_TASK GOAL_
Please reproduce exactly, and only, the lines from the one with "пасхальное яйцо раскраска для детей 4" through the last line of the listing below, both ends included, leaving out the pictures.

_INFORMATION SHOWN_
= = = =

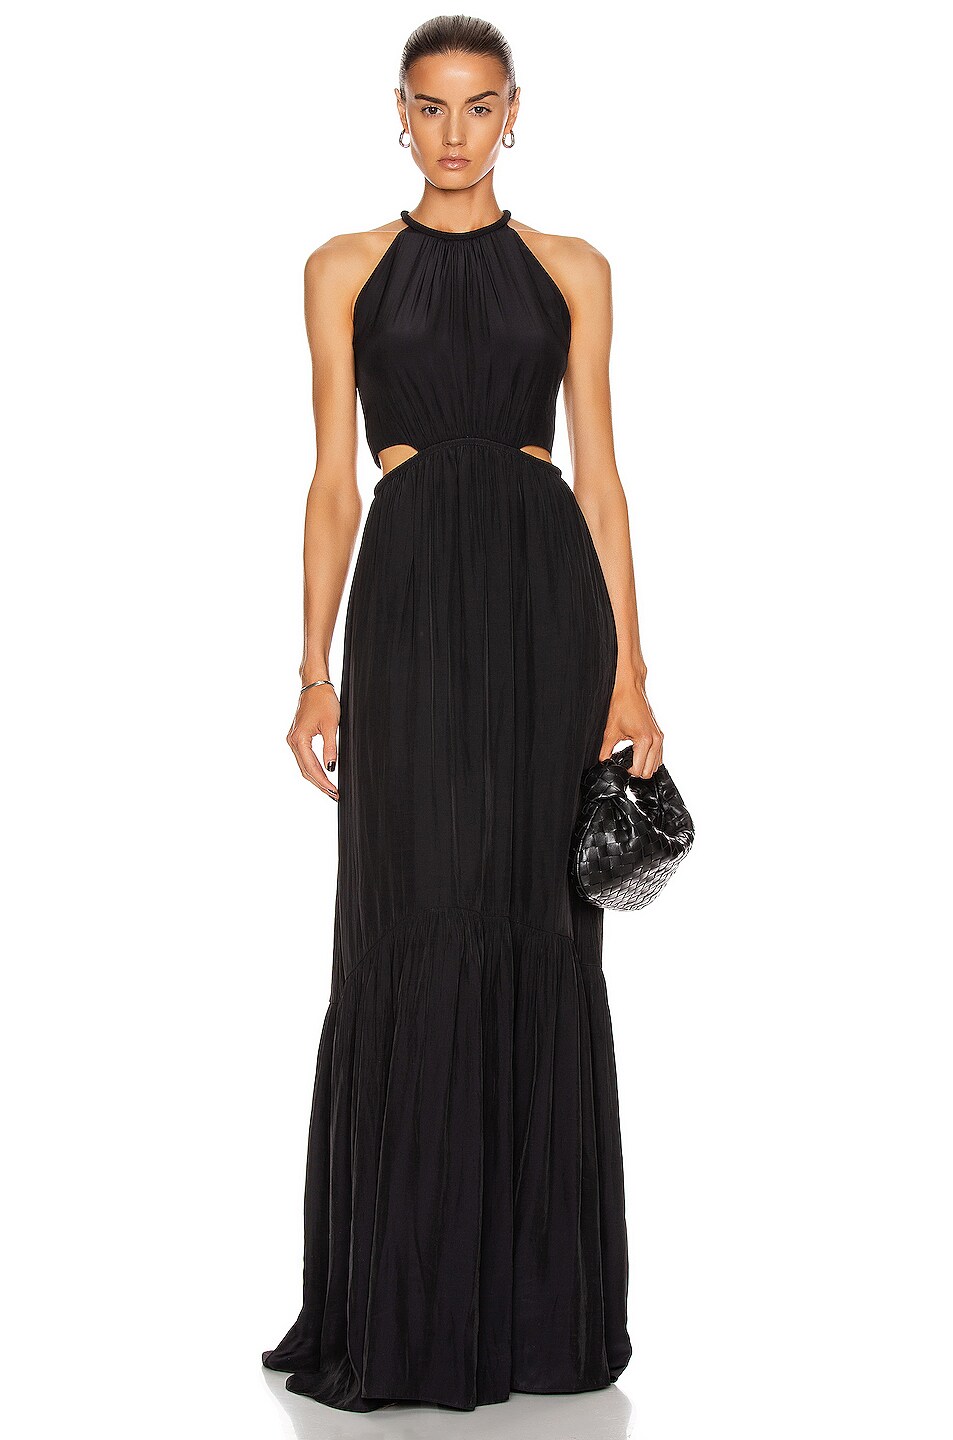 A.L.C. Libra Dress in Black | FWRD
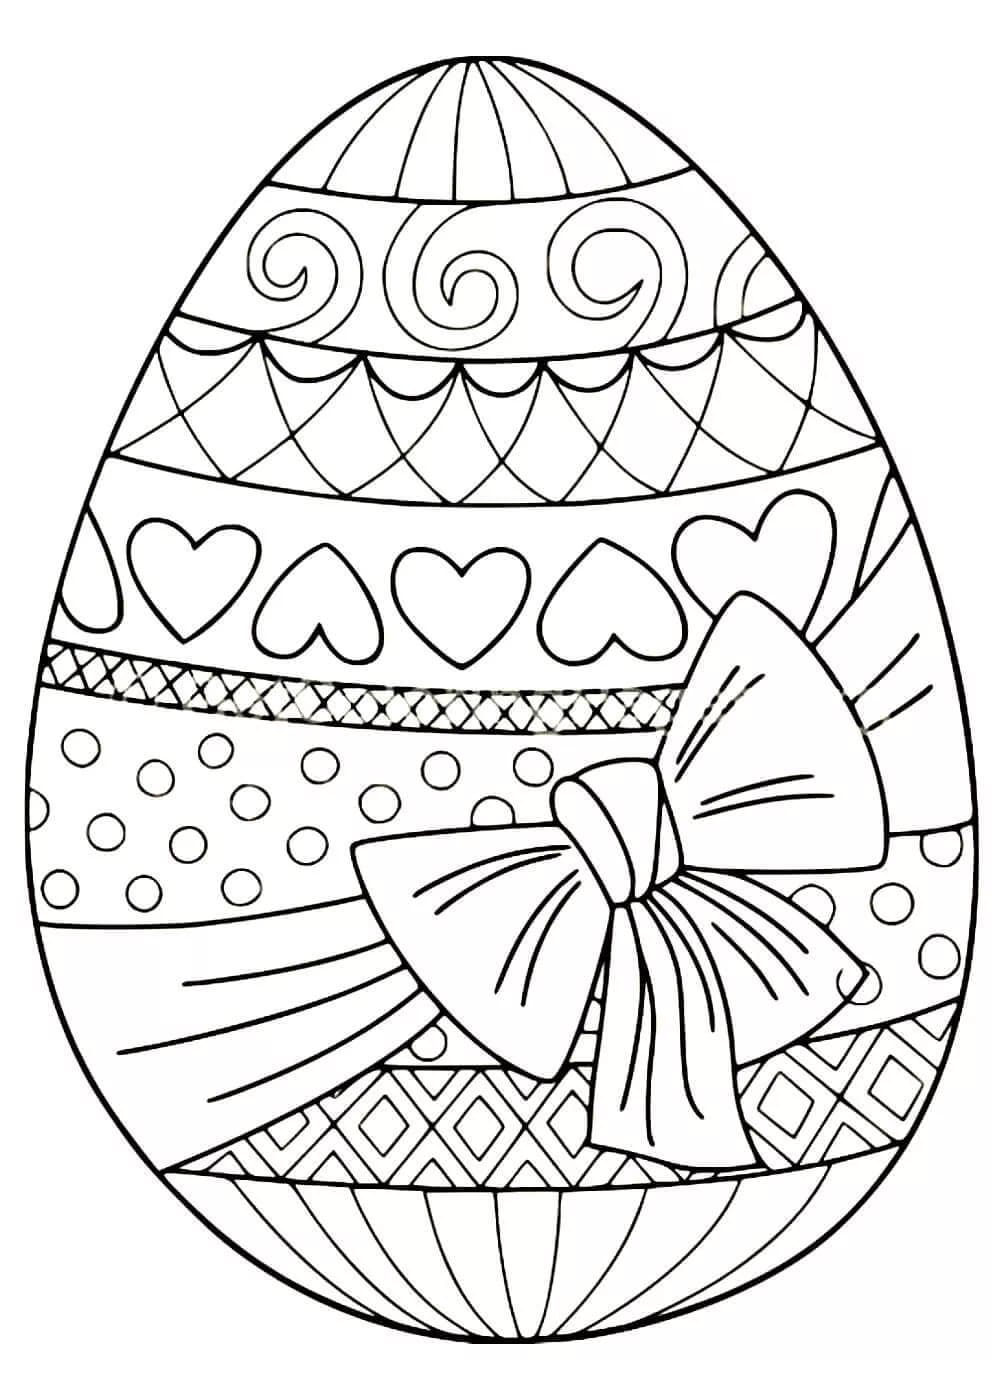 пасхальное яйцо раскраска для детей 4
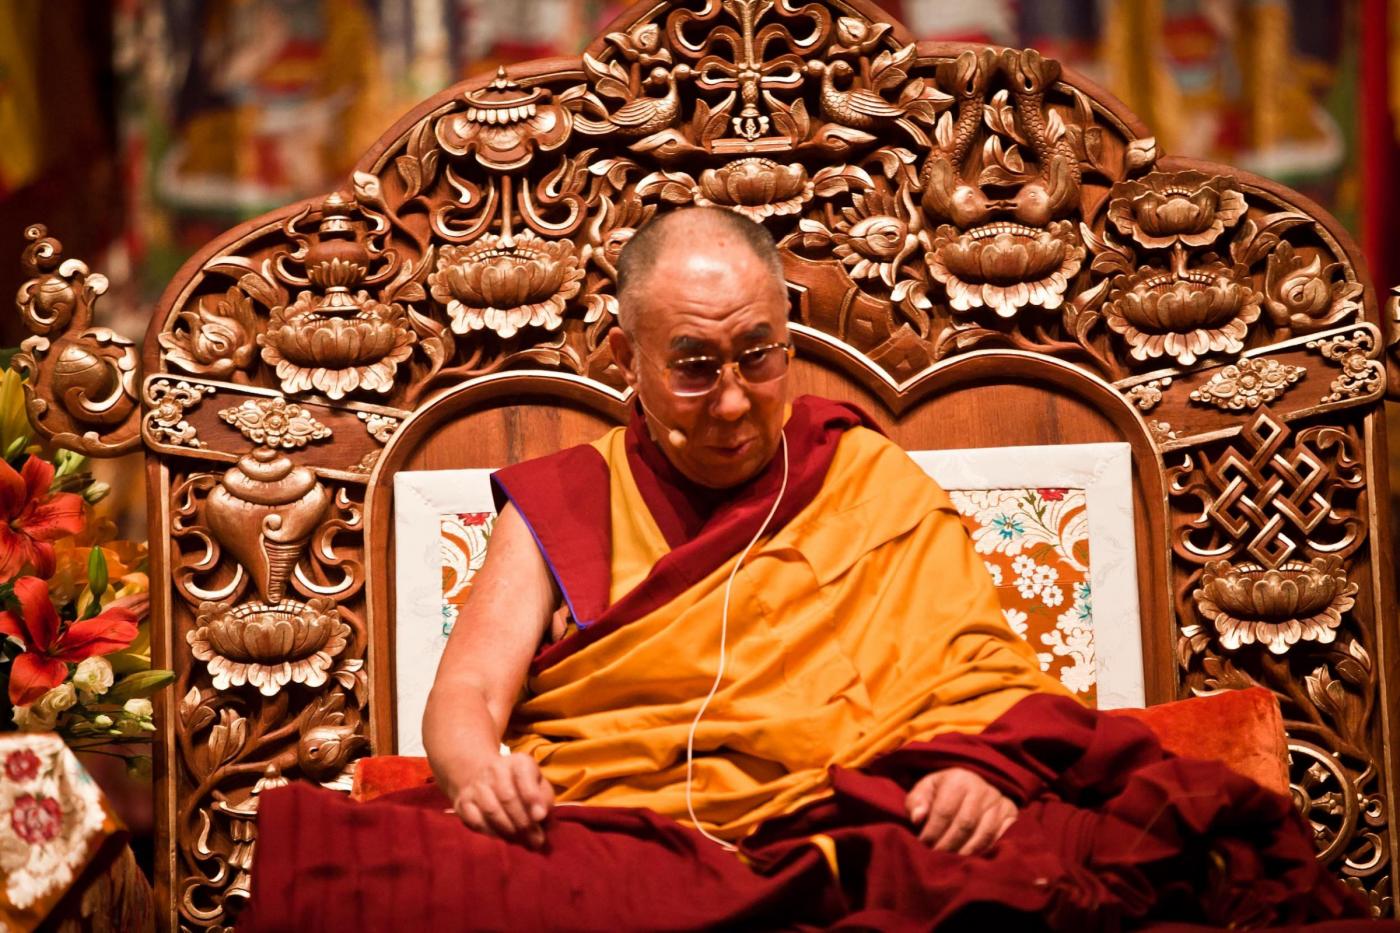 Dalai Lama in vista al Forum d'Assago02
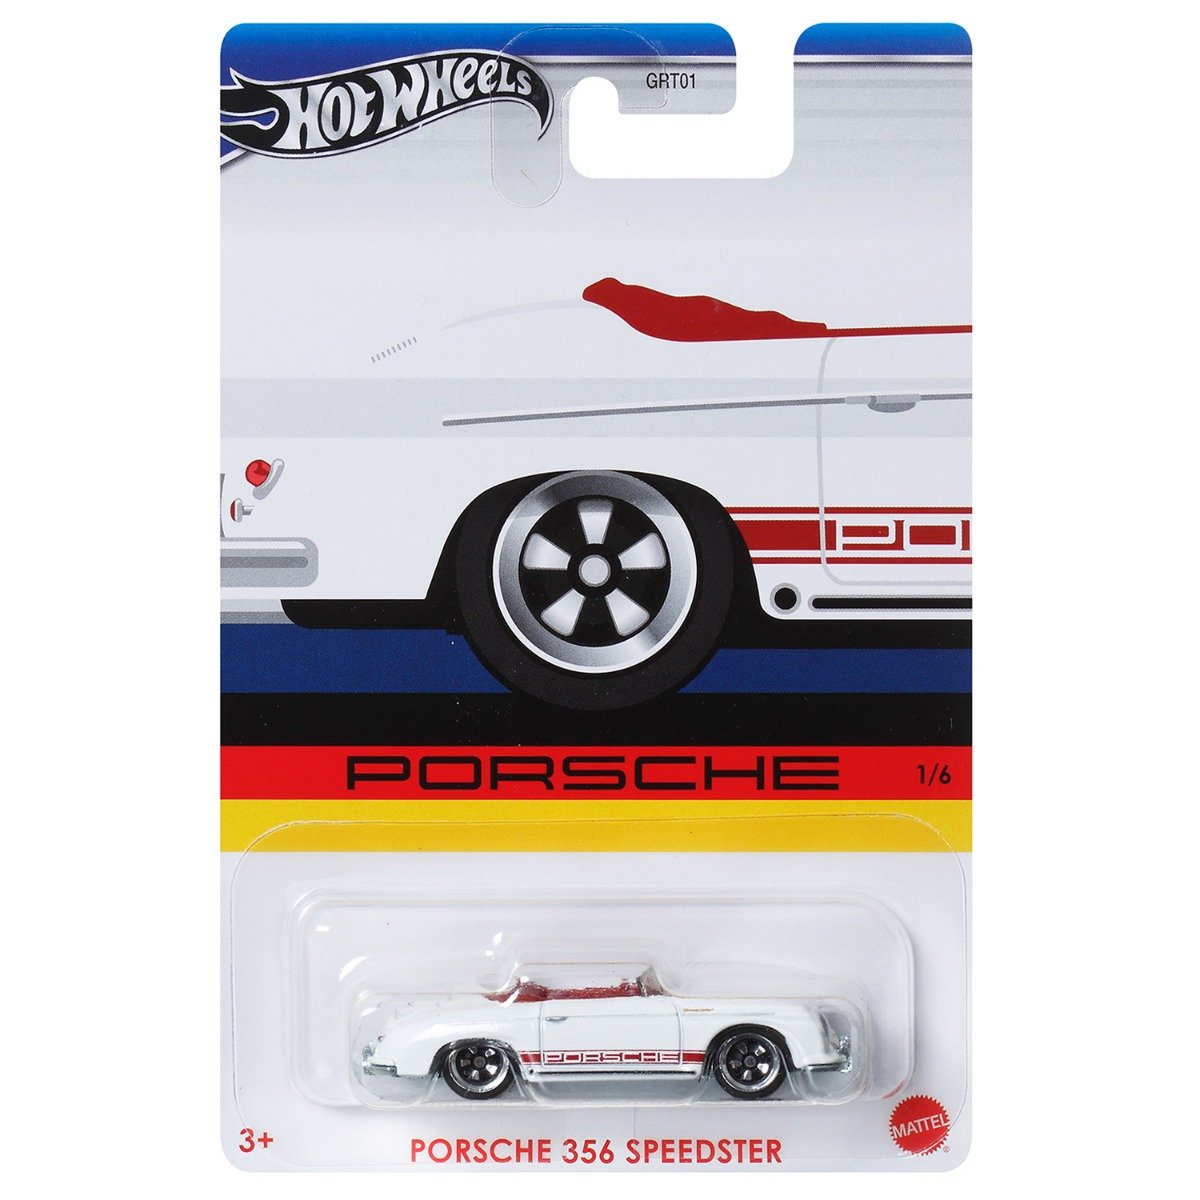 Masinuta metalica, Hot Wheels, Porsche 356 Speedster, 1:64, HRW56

= = = =

_RESULT OF THE TASK_
 пасхальное яйцо раскраска для детей 4
 Dalai Lama in vista al Forum d'Assago02
 Masinuta metalica, Hot Wheels, Porsche 356 Speedster, 1:64, HRW56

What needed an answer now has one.